In other words, each set of spring pin groups may include a
plurality of spring pins 13 formed over the power supplier 14, the
signal transmitter 15 and the ground 16. Here, pins are disposed in
plural sets symmetric based on the single point in order to ensure
strong electric connection even though a bending force is applied
in any direction.
[0048] Based on one set of spring pin group among the plurality of
spring pin groups, the number of pins disposed at the power
supplier 14 is 5, and the number of pins disposed at the signal
transmitter 15 is 12. In addition, the number of pins disposed at
the ground 16 is 5, and a single positioning pin is additionally
disposed thereat. In other words, since 23 pins are disposed at one
set of spring pin group, 46 pins are disposed on the substrate 10
in total. In the existing technique, the number of all pins
including pins for power and signals is just 6, but in the present
disclosure, 46 pins are disposed in total, which allows various
signals to be transmitted.
[0049] However, the positioning pins are not disposed to be
symmetric based on the single point on the substrate 10. In detail,
the positioning pins include a first positioning pin 131 disposed
relatively at an outer side of the ground 16 and a second
positioning pin 132 disposed opposite to the first positioning pin
131 based on the single point and disposed relatively at an inner
side of the ground 16 in comparison to the first positioning pin
131. In other words, since a spring pin is not disposed at portions
symmetric to the first positioning pin 131 and the second
positioning pin 132 based on the single point, initial coupling
locations of the first connector 1 and the second connector 2 may
be detected therefrom. In detail, by using the positioning pins
131, 132, a user may detect initial coupling locations of the first
connector 1 and the second connector 2 at intervals of 90.degree..

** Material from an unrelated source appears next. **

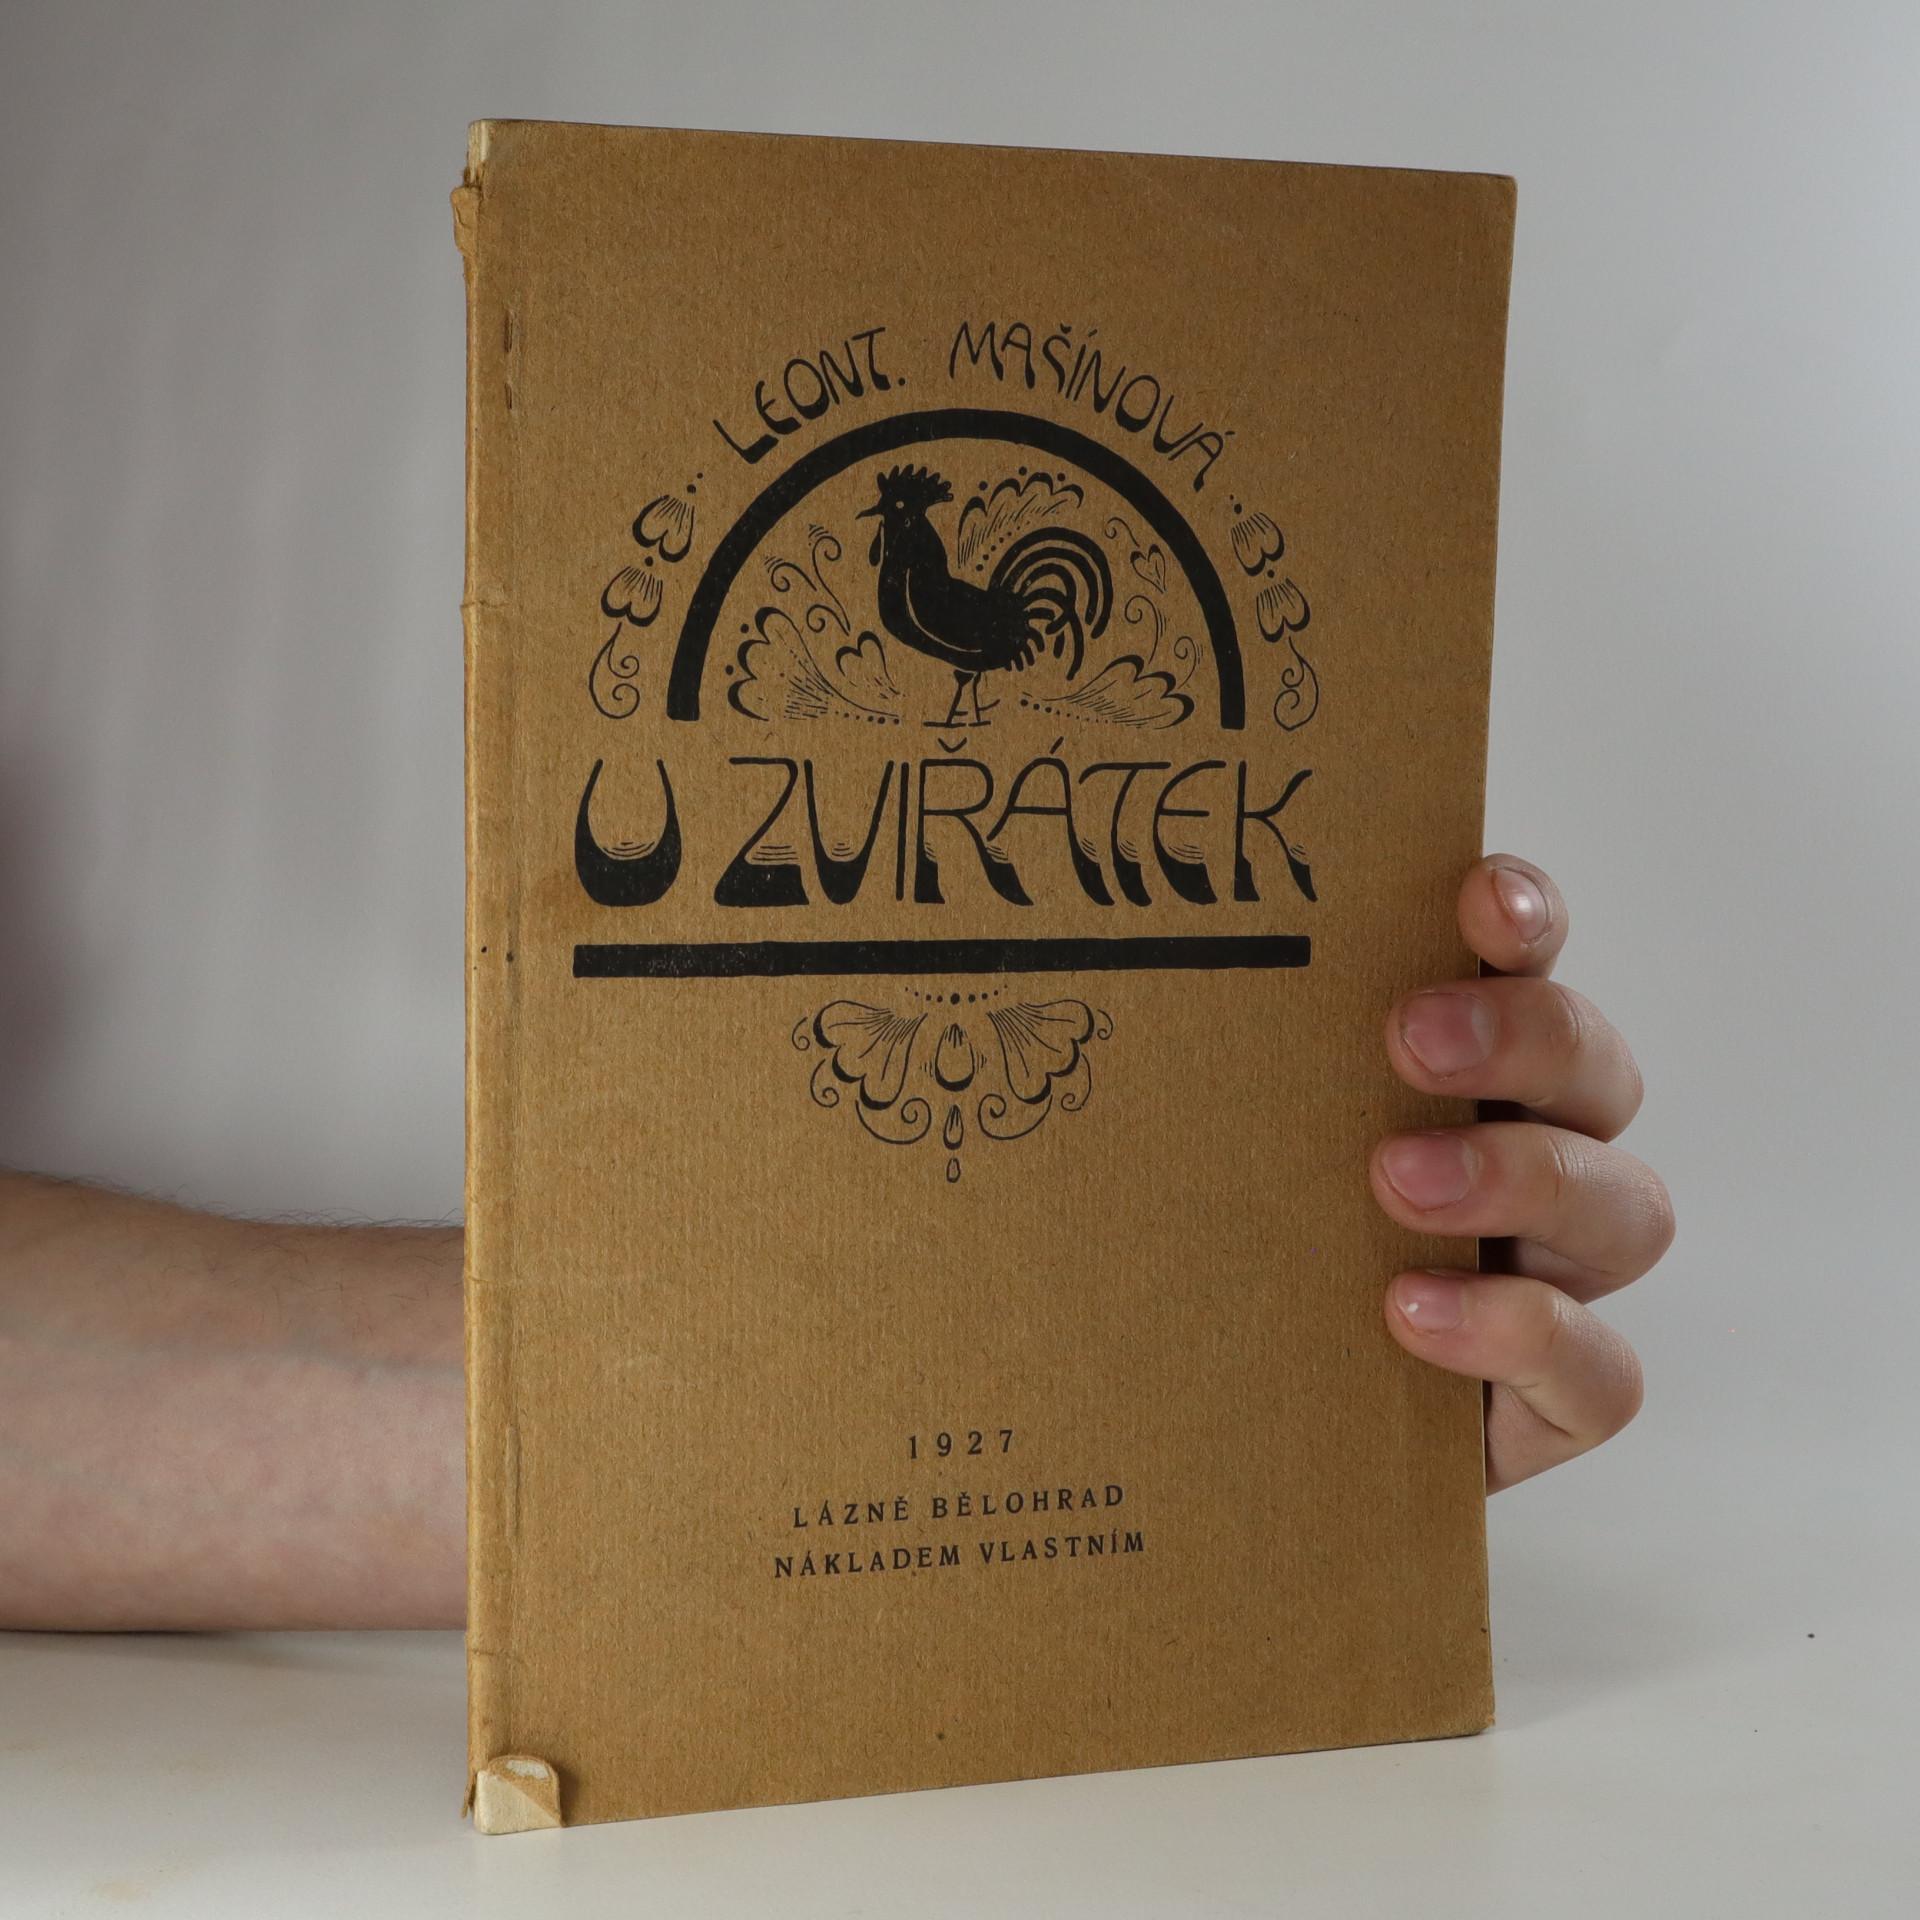 antikvární kniha U zvířátek, 1927

This will be described below in more detail with reference to FIG.
3.
[0050] FIG. 3 is a front view showing a structure of a second
connector of the connector, which is connected to a second
module.
[0051] The second connector 2 according to the present disclosure
has substantially the same configuration as the first connector 1
as a whole and thus is not described in detail here. In other
words, the first connector 1 and the second connector 2 are coupled
to each other in a state of facing each other, and thus a coupling
surface of the second connector 2 and a coupling surface of the
first connector 1 are identical to each other in view of detail
configurations and arrangements.
[0052] If the first connector 1 and the second connector 2 are
coupled to each other, the coupling surface of the first connector
1 depicted in FIG. 2 will overlap with the coupling surface of the
second connector 2 depicted in FIG. 3. At this time, the first
positioning pin 131 of the first connector 1 will overlap with a
terminal b1 of the second connector 2, and there is no component
overlapping with a terminal b2. Similarly, the second positioning
pin 132 of the first connector 1 will overlap with a terminal c2 of
the second connector 2, and there is no component overlapping with
a terminal c1. Moreover, the first positioning pin 131 may be
electrically connected to the second positioning pin 132, the
terminal b1 may be electrically connected to the terminal c2, and
the terminal b2 may be electrically connected to the terminal c1.
Accordingly, the initial coupling locations of the first connector
1 and the second connector 2 may be checked.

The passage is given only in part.